▶ _WHAT IS BEING ASKED_: Repeat only the lines from the one containing "badge Badges bundle" to the final line below, exactly as they read, and leave every picture out.

Collected data
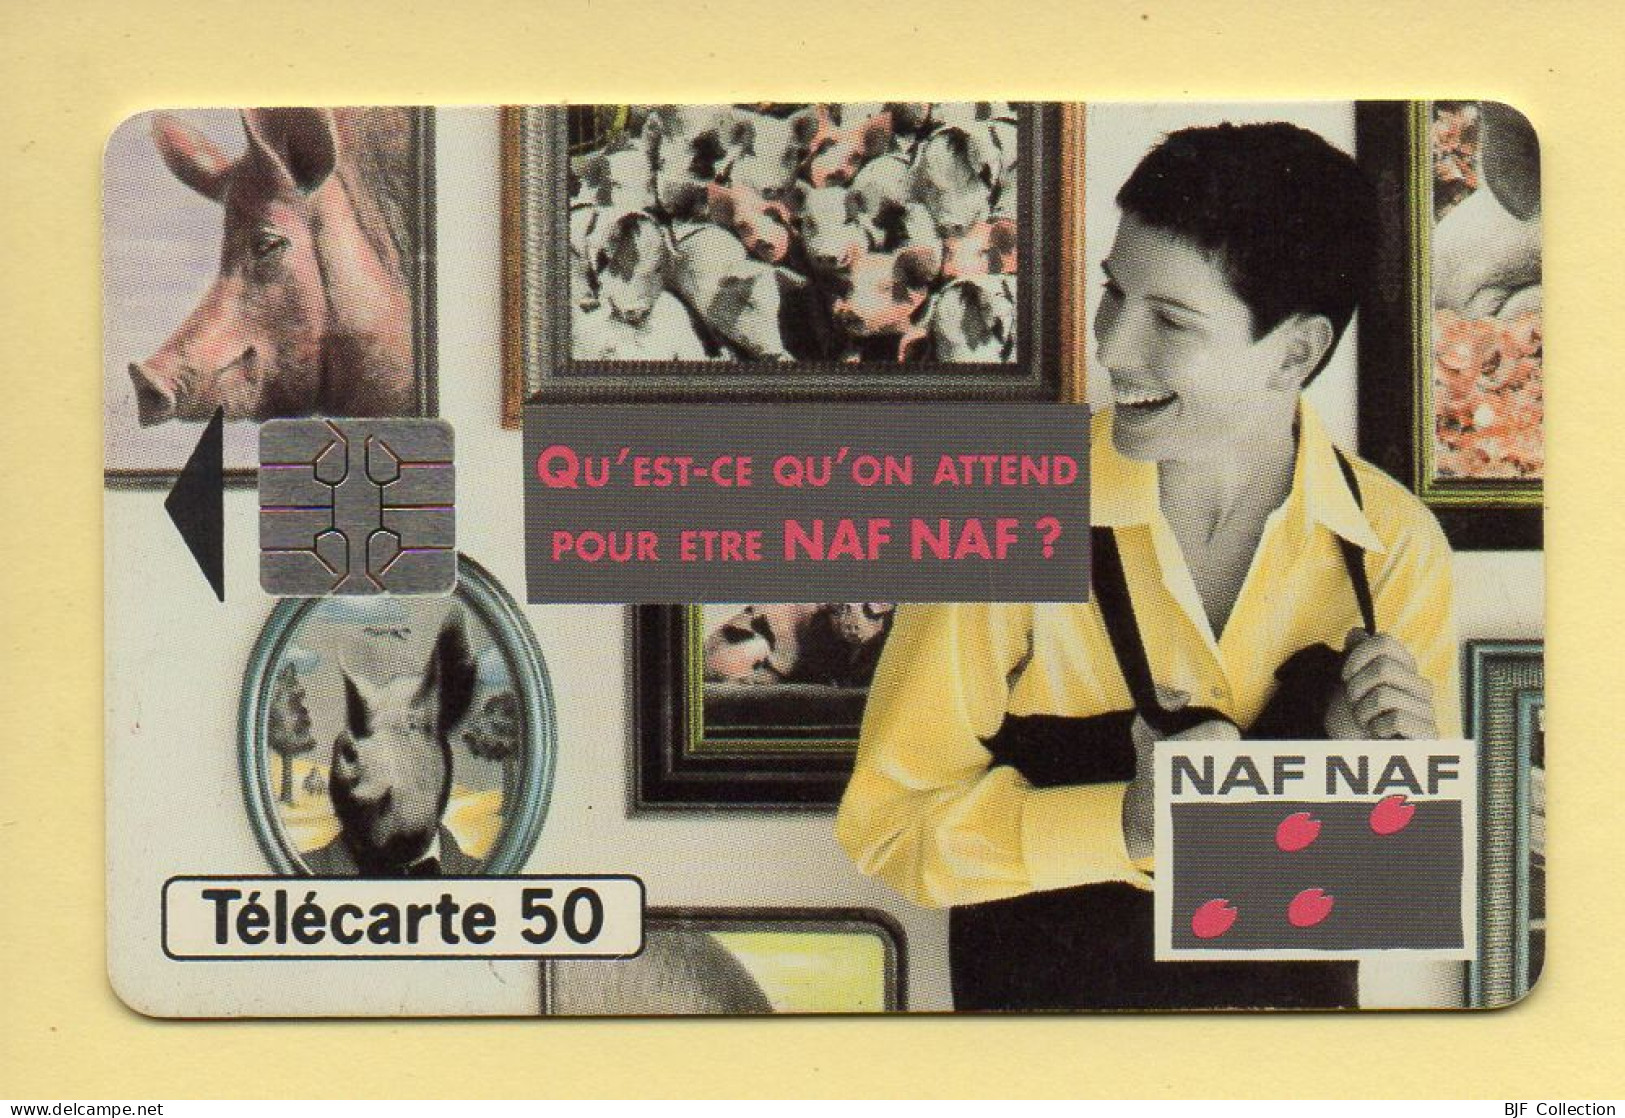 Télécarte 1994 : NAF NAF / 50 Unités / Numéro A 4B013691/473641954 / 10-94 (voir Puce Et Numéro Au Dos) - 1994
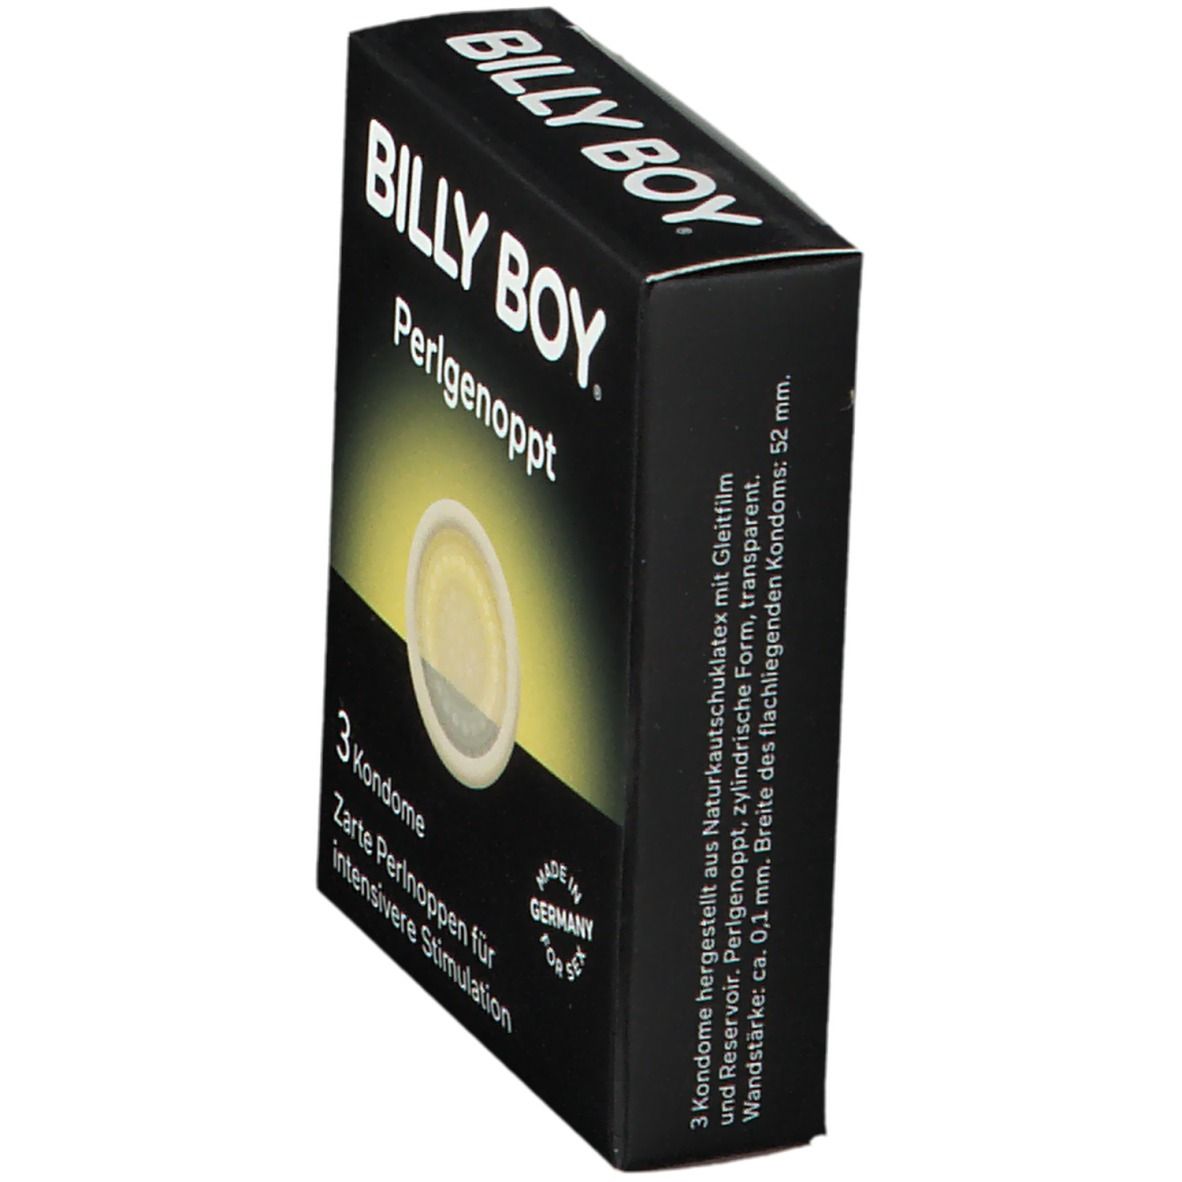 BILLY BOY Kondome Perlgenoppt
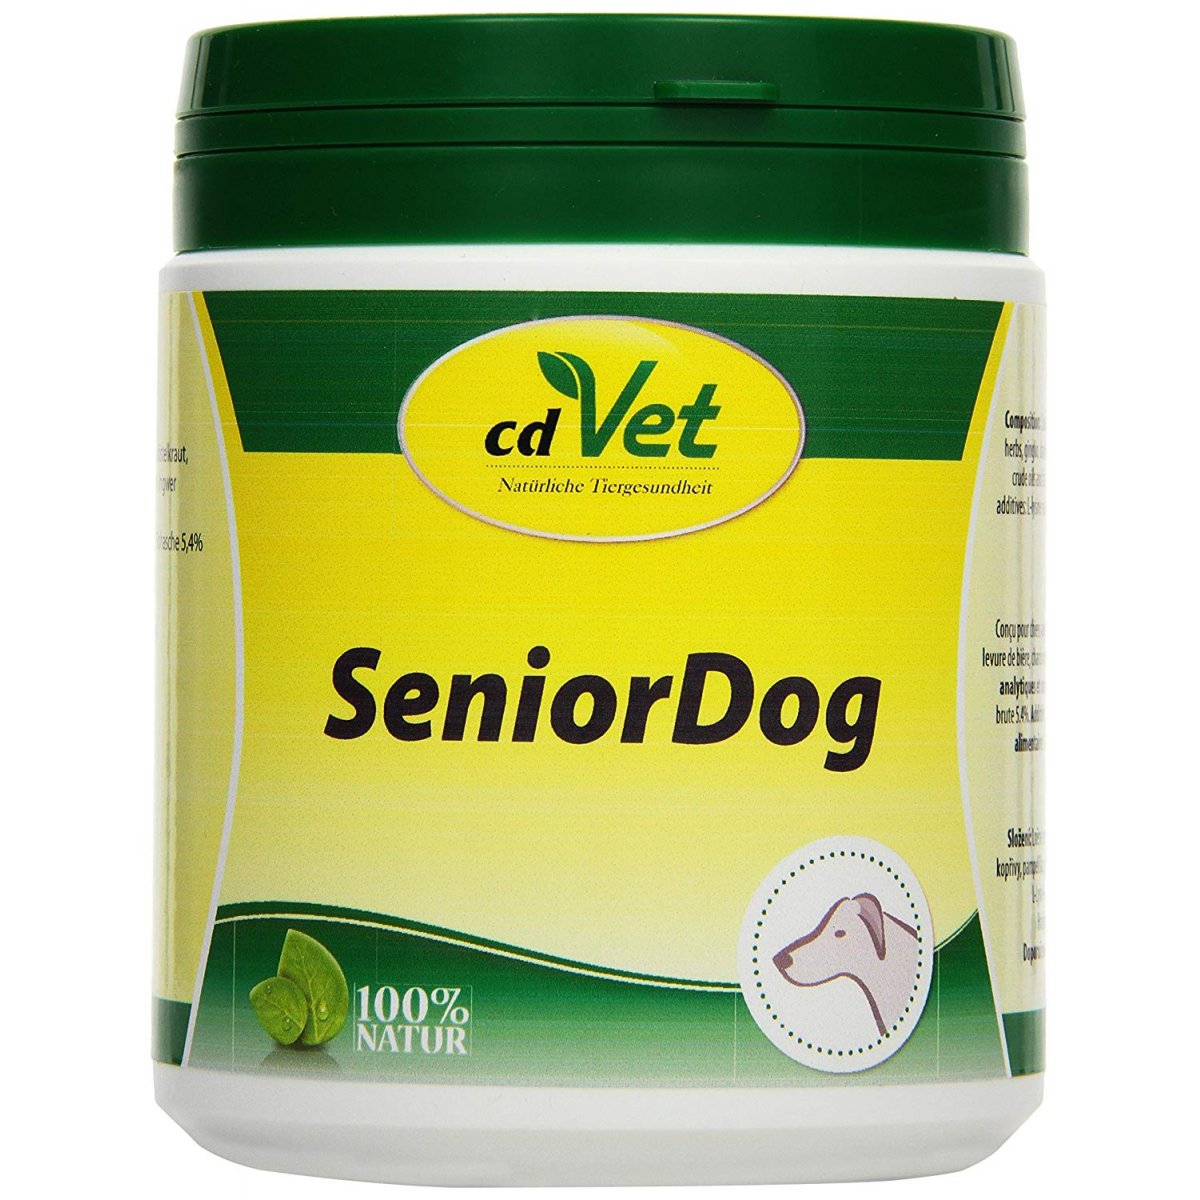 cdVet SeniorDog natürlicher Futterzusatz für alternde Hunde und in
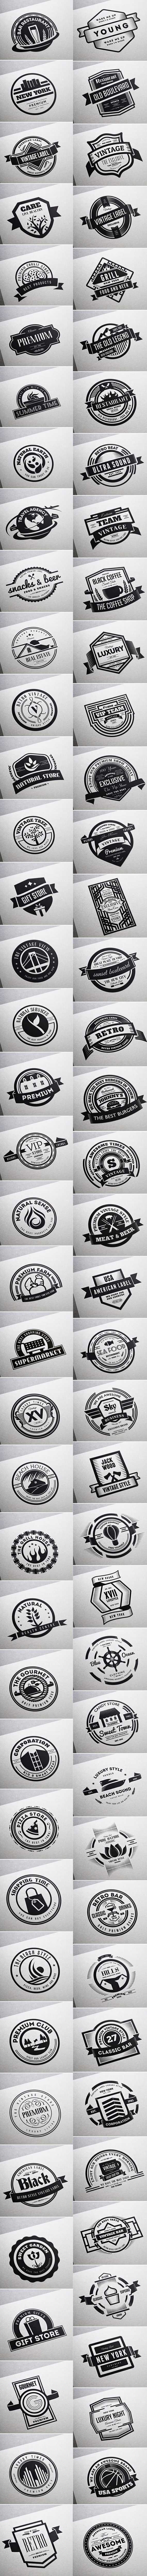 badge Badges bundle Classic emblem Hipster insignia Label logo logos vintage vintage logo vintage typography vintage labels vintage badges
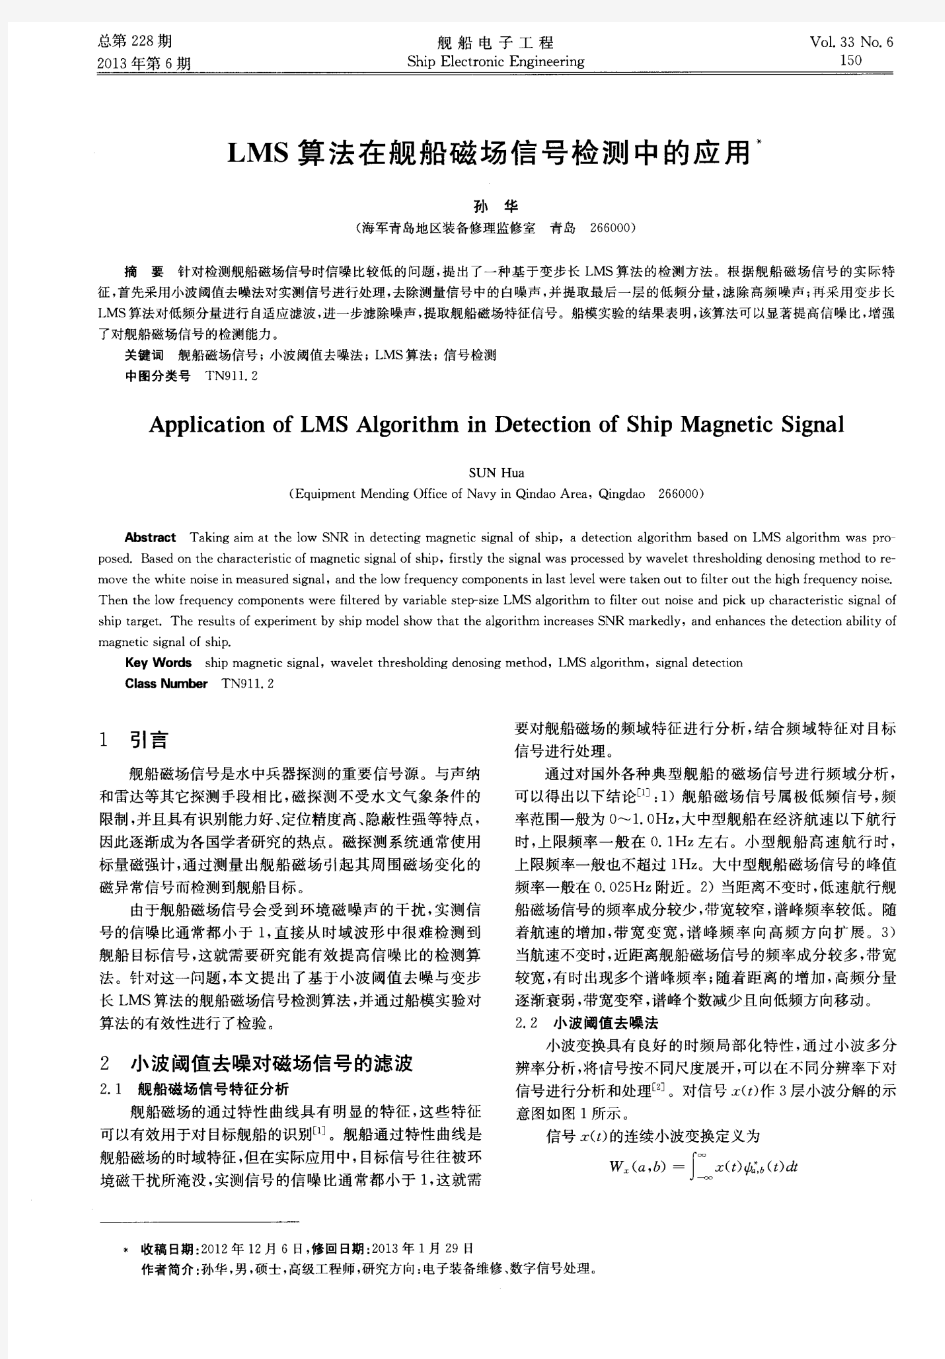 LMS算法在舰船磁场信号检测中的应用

▶ _ANSWER AREA_:
 badge Badges bundle Classic emblem Hipster insignia Label logo logos vintage vintage logo vintage typography vintage labels vintage badges
 LMS算法在舰船磁场信号检测中的应用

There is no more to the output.